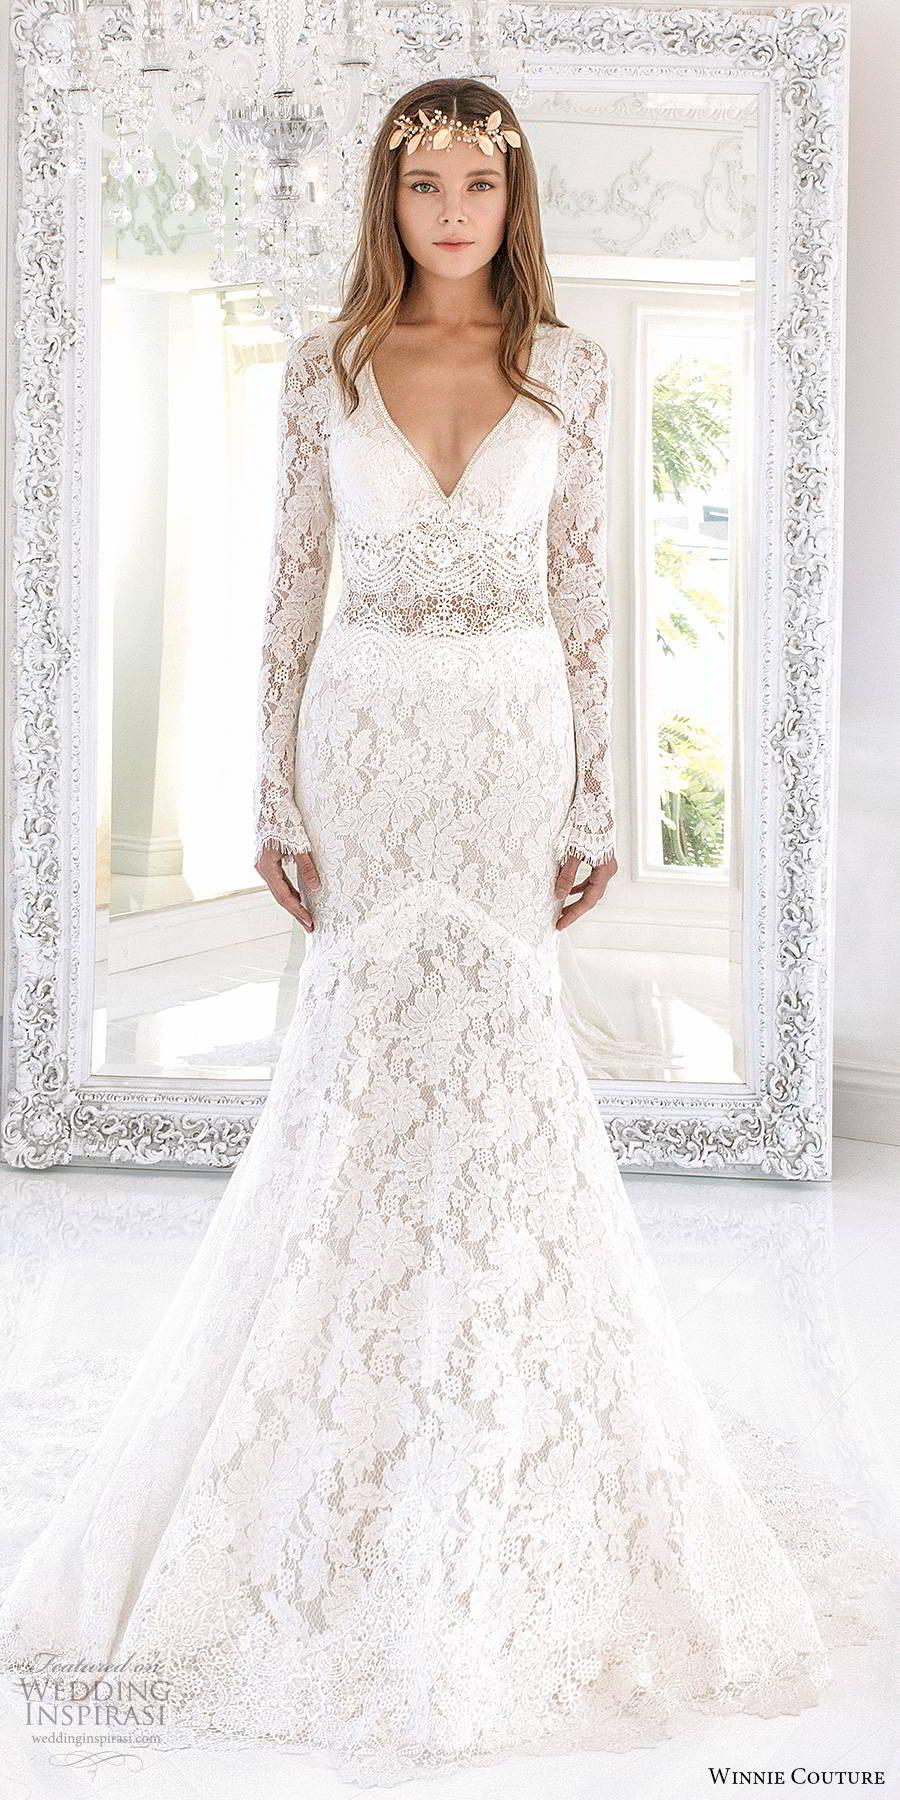 winnie couture 2019 bridal long sleeves deep v neckline fully embellished lace elegant boho fit flare mermaid wedding dress keyhole back (6) mv
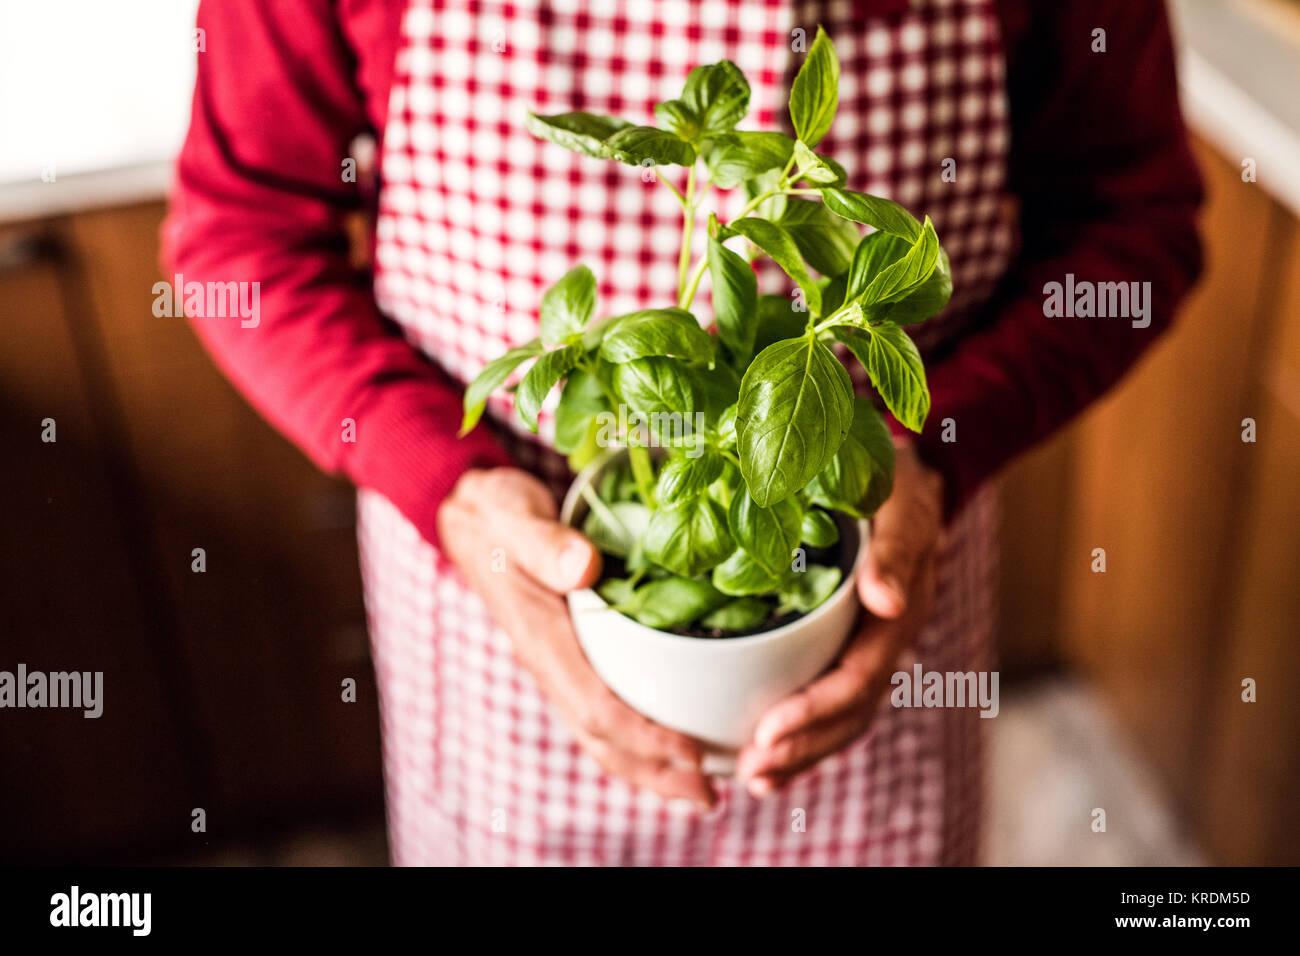 Senior man preparing food in the kitchen. - Stock Image
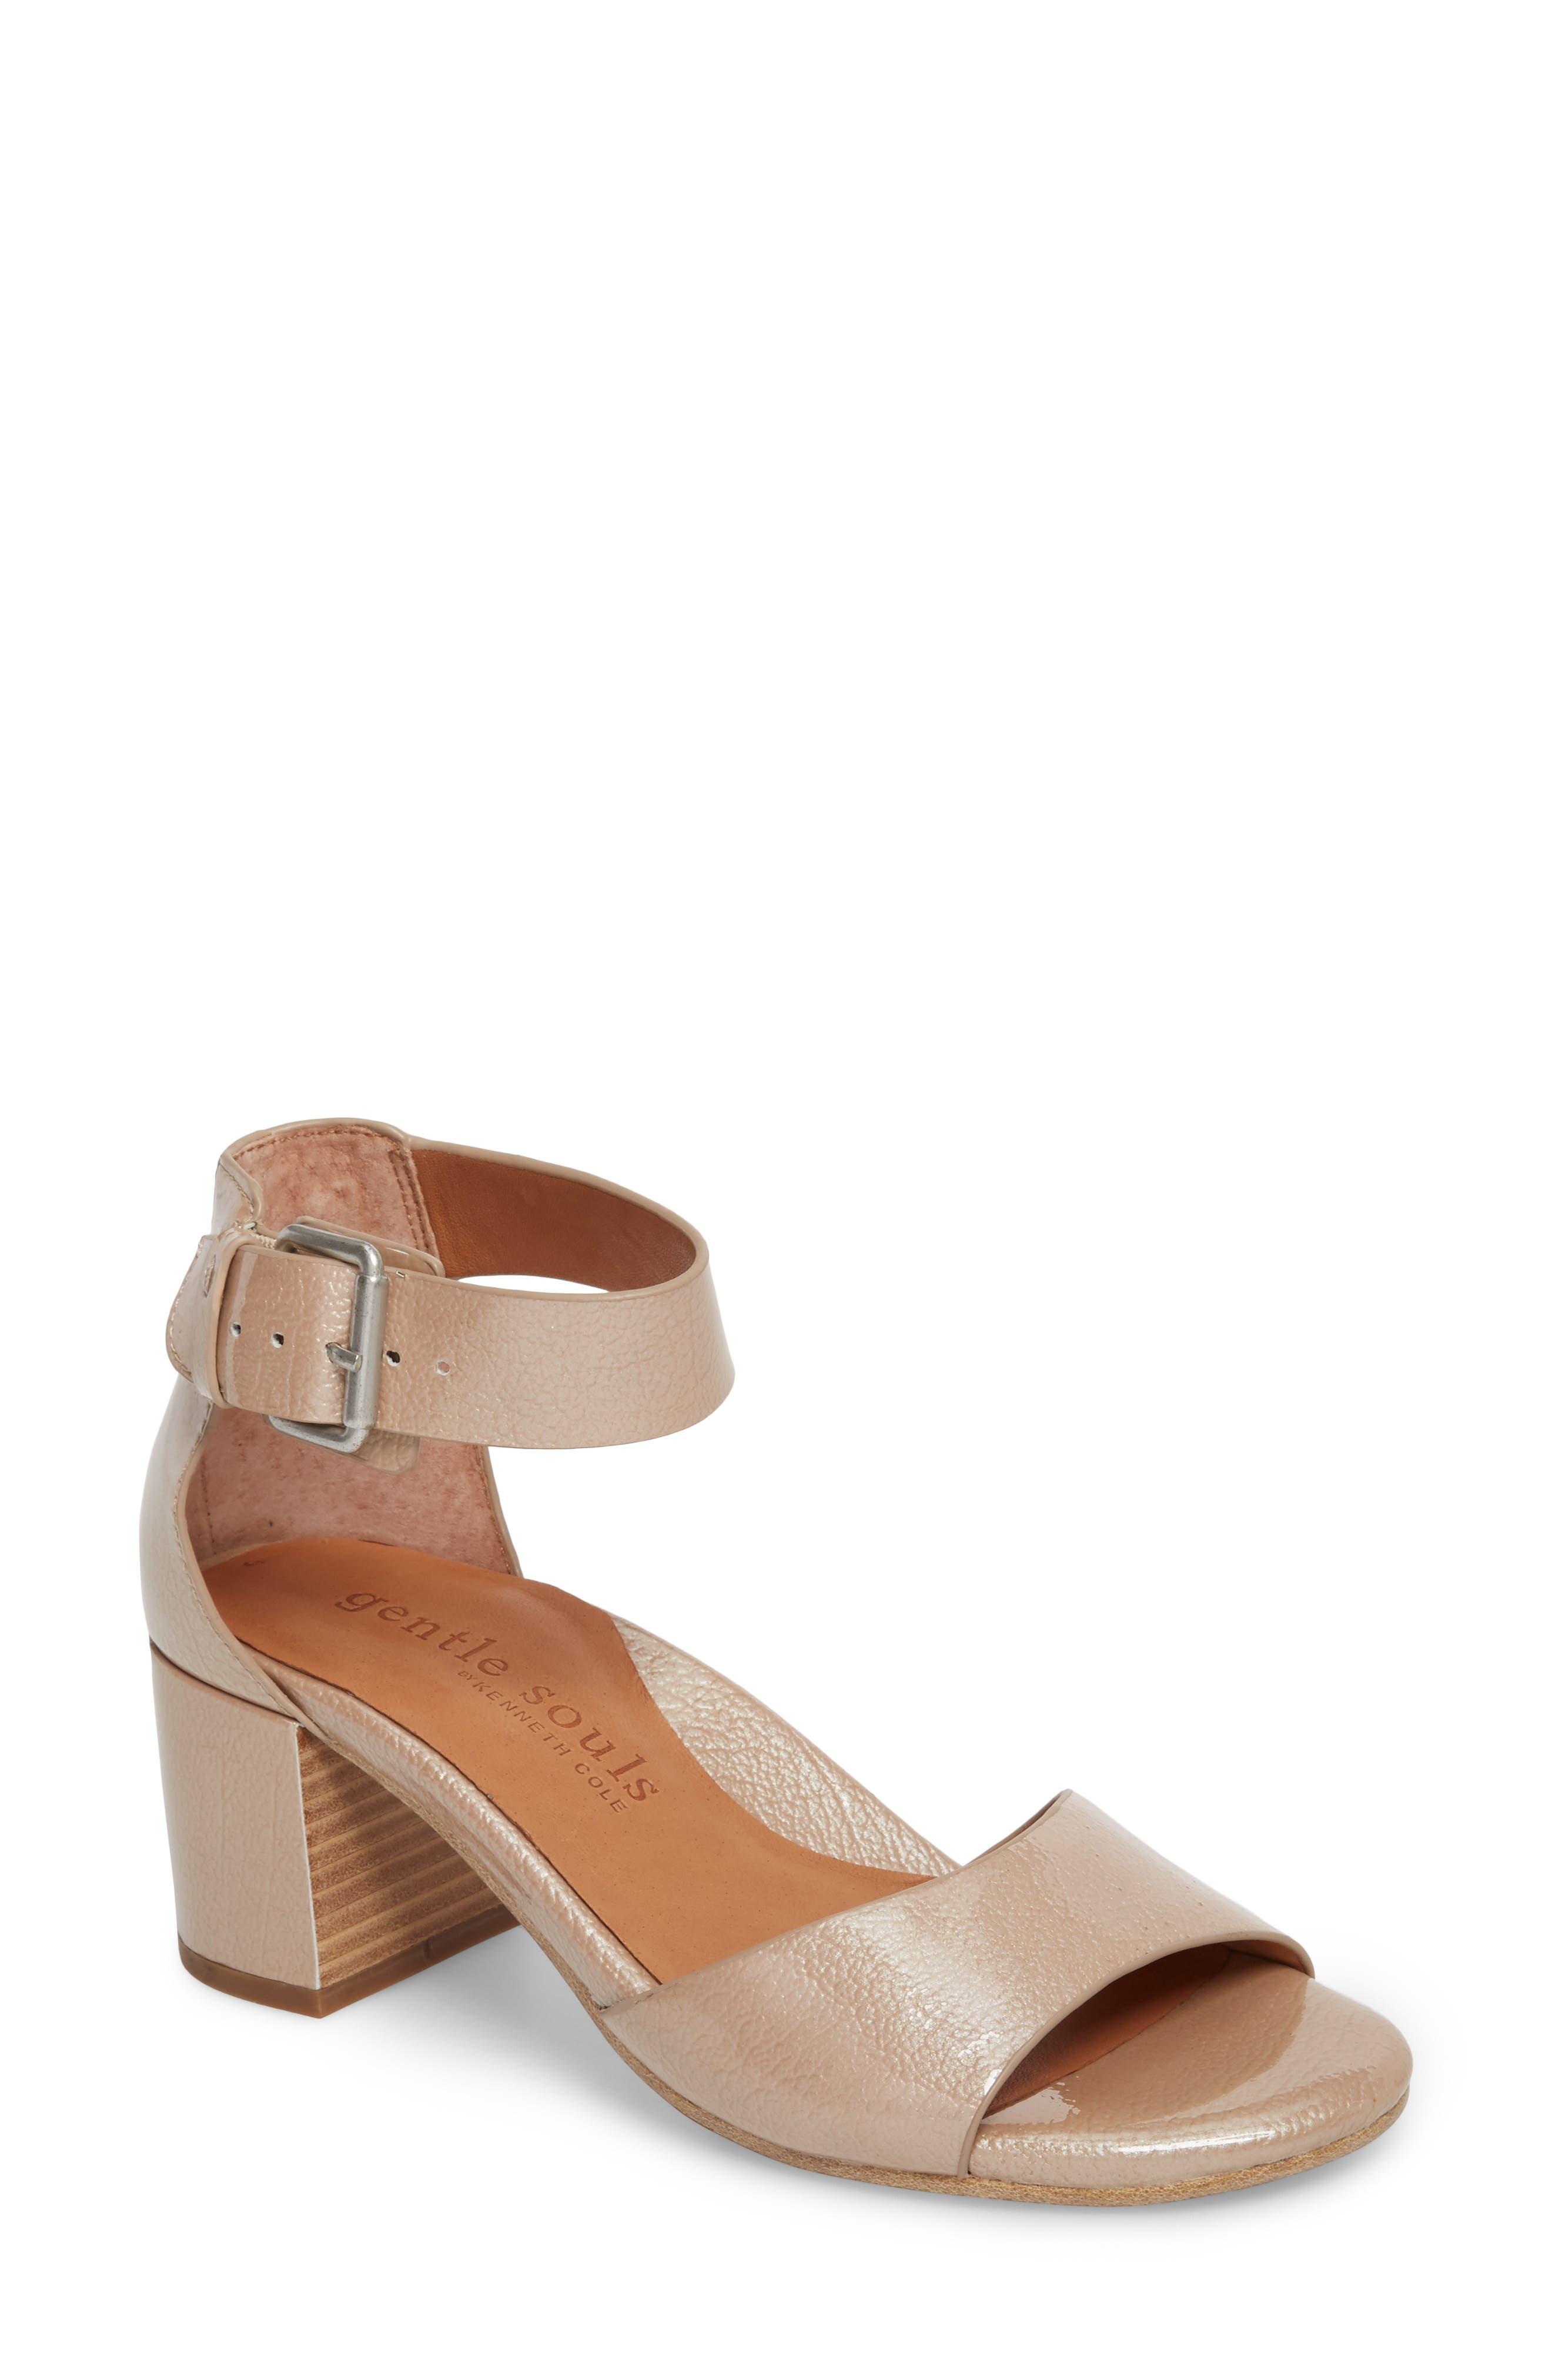 Christa Block Heel Sandal,                             Main thumbnail 1, color,                             NUDE PATENT LEATHER
==*==
[Directions]
Everything in the listing above, apart from its pictures, must be repeated exactly.

[Solution below]
 winnie couture 2019 bridal long sleeves deep v neckline fully embellished lace elegant boho fit flare mermaid wedding dress keyhole back (6) mv
 Senior man preparing food in the kitchen. - Stock Image
 Christa Block Heel Sandal,                             Main thumbnail 1, color,                             NUDE PATENT LEATHER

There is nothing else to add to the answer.